5. **Operating System Updates:** Intune policies for managing Windows Update settings or deferral periods might be stored under a CSP like `Microsoft-Windows-Update`. The registry includes values for deferral periods or automatic update configuration.
6. **Application Management:** Policies deploying applications or managing app permissions can be stored under an application-specific CSP. The registry contains like installation paths or permission settings for the managed application.
7. **Device Health Monitoring:** Intune policies for configuring health reporting or compliance checks might be stored under a CSP like `Microsoft-Windows-DeviceManagement-Enterprise MDM`. The registry hold settings for reporting frequency or specific compliance checks to be performed.
8. **Remote Lock and Wipe:** Policies allowing remote device lock or data wipe in case of loss or theft can be stored under a relevant CSP. The registry contains settings for enabling remote wipe functionality or triggering conditions.

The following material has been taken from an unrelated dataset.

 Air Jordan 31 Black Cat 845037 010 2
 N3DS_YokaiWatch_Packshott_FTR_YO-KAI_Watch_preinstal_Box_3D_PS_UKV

9. **Security Baselines:** Intune policies enforcing specific security configurations (e.g., firewall settings) can be stored under a security-focused CSP. The registry hold values for firewall rules or other security-related configurations
The role of OMA-URI:
If settings cannot be set in the GUI of Microsoft Intune but are available as a CSP, this can be set using OMA-URI configuration. By creating a custom profile type when creating a configuration policy. It’s expected though that with the introduction of the Settings Catalog where all possible settings will be made available through the Settings Catalog.

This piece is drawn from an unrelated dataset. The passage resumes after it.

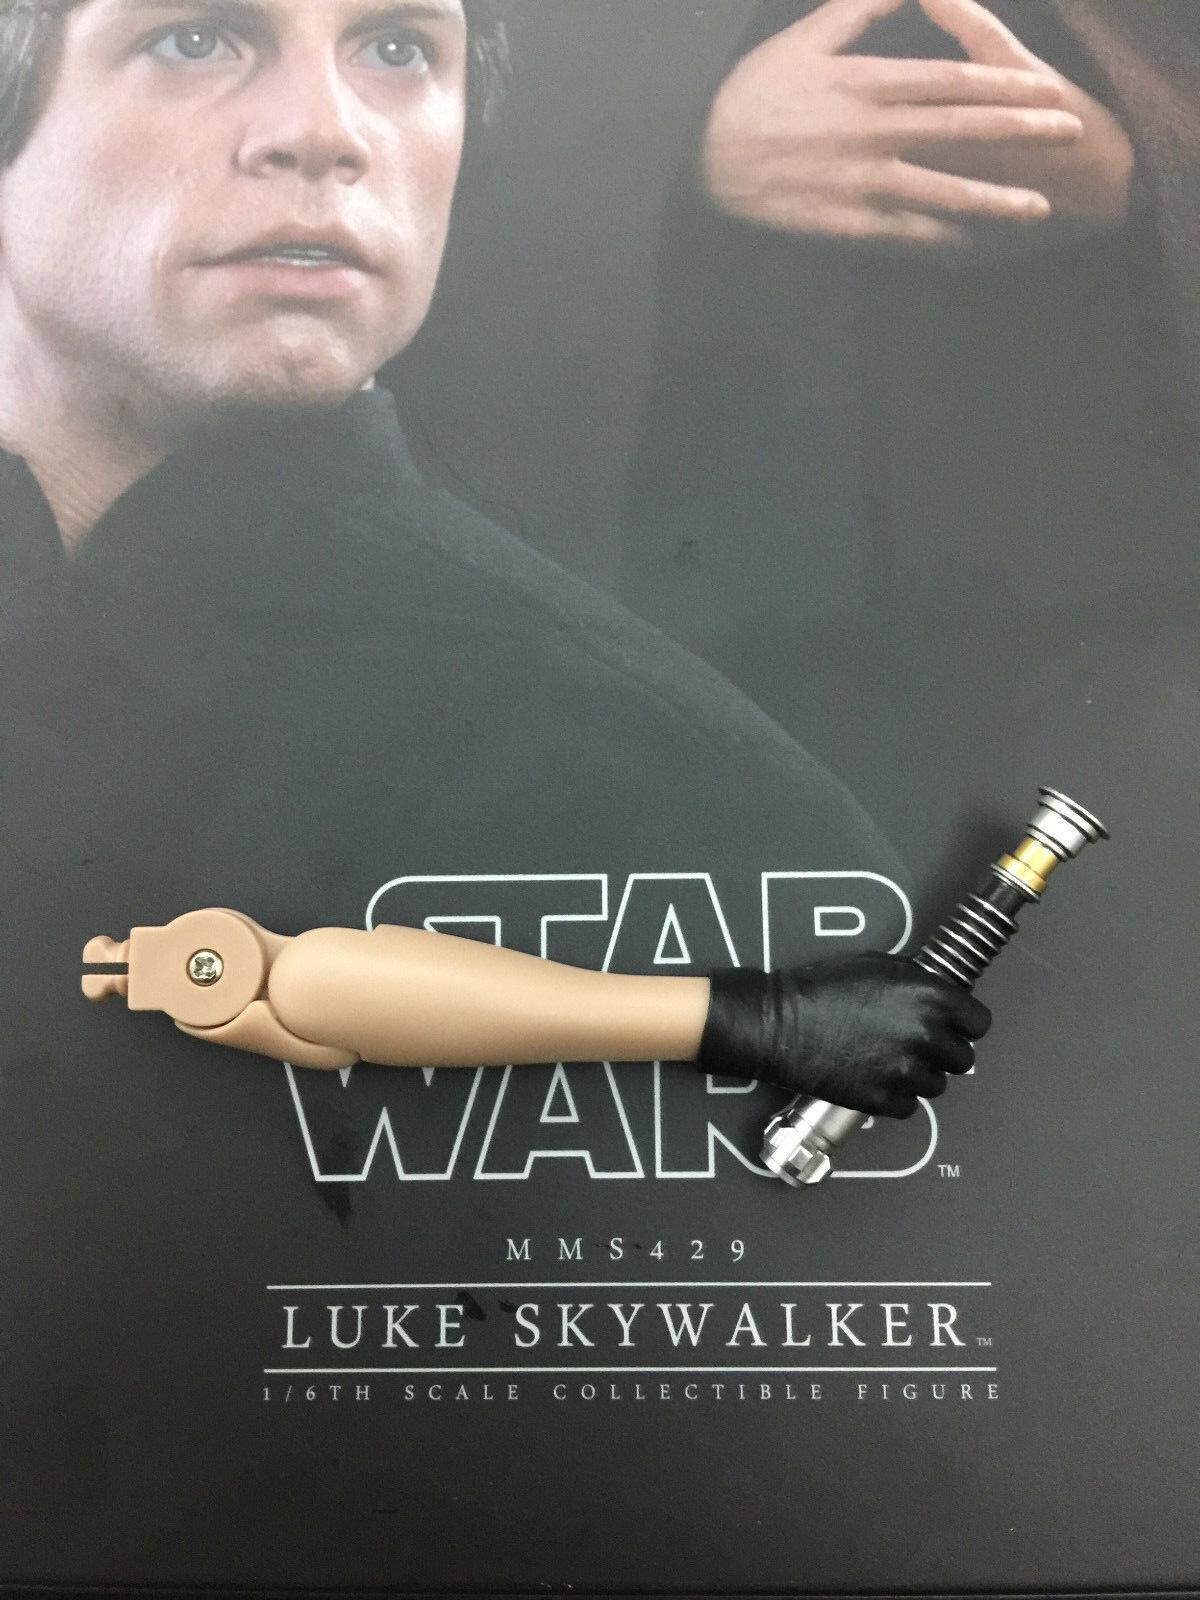 Caliente giocattoli estrella guerras Luke cielowalker MMS429 Return Of  The Jedi - LED Light-up Arm  in cerca di agente di vendita

In the end, either the setting created using a GUI option, or by specifying the OMA-URI configuration, the policy that the endpoint receive are based on the OMA-URI settings. Keep in mind that the behavior of a CSP depends on the CSP. Some CSPs remove the setting, and some CSPs keep the setting, also called tattooing.
The role of Settings Catalog:
Settings Catalog plays a key role in simplifying device configuration management within Microsoft Intune. It provides centralized repository which allows Settings Catalog acts as a one-stop shop for all configurable settings supported by Intune for various device platforms (Windows, iOS/iPadOS, macOS, etc.). It also aims to encompass all settings previously accessible through individual templates or custom profiles. With Setting Catalog, it simplifies discovery which allows your administrators to easily search for and identify the desired configuration options.